Ray-tracing methodology

The following topic describes the thermal solver methodology for handling radiation in the presence of diffuse and transparent/specular surfaces using deterministic ray tracing method.

The thermal solver's approach to handling a combination of diffuse, specular, and transmissive surfaces is to create a single view factor matrix to incorporate all these effects. This matrix is then used to calculate radiative couplings and heat absorption due to diffuse reflections and transmission with matrix methods such as Oppenheim's and Gebhardt's.

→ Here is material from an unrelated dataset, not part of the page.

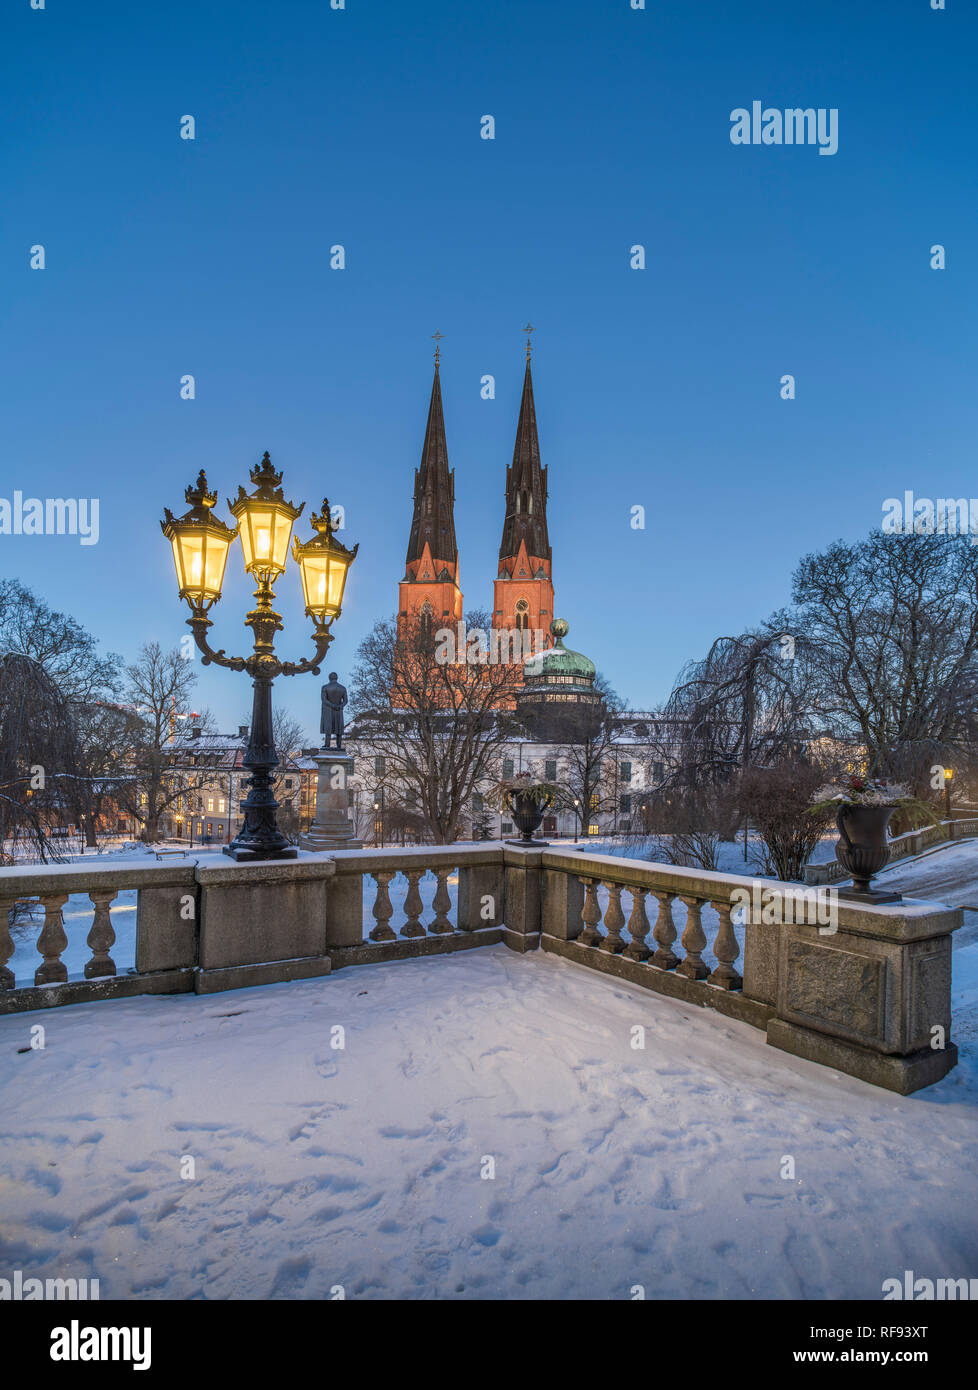 La catedral y Gustavianum durante la noche en invierno. Vista desde el parque de la Universidad de Uppsala, Suecia, Escandinavia Foto de stock

Ray-tracing is performed when creating this matrix to account for specular reflection and transmission. Ray-tracing is performed automatically for solar view and heat flux view factors. For planet and orbital view factors to be ray-traced, the planet view factors and albedo factors must be created by explicitly modeling the section of the planet seen by the satellite as a segment of a faceted sphere, and computing the Sun's reflections from the facets. The ray-tracing methodology is summarized as follows:

1. If the receiver element j is fully diffuse, no rays are launched, but the standard view factor calculation algorithm is used to determine the strength (magnitude) of the energy incident on j that comes directly from i. This strength value is then stored with element j.
2. If the receiver element j is specular or transparent, multiple rays are launched from source elements i to partially/fully specular/transparent receiver elements j.
3. Both source and receiver elements are subdivided into sub-elements, and a ray is traced from each sub-element of element i to each sub-element of element j.
4. An energy packet for each spectrum (IR and solar) is created which follows the ray. The strength (magnitude) of the energy packet is equal to the area of the launching sub-element view factor between the sub-elements. The strengths of the incident energy packets are stored for each element.
5. The rays are traced through multiple reflections and/or transmissions until they encounter a fully diffuse element, and then are not further traced.
6. The strengths of the incident energy packets are stored for each element.
7. The strengths of the reflected/transmitted energy packets are reduced in magnitude proportional to the absorptivity and diffuse reflectivity of the elements.
8. Once all elements are processed, the incident energy packets are summed to calculate the appropriate ray-traced view factors from elements i to j, including all specularly reflected and transmitted effects.

Steps 1 through 6 of the view factor calculation algorithm described above are followed to determine whether the two elements see each other. If element j is specular or transparent, the elements are subdivided as described above, even if there are no shadowing surfaces between them.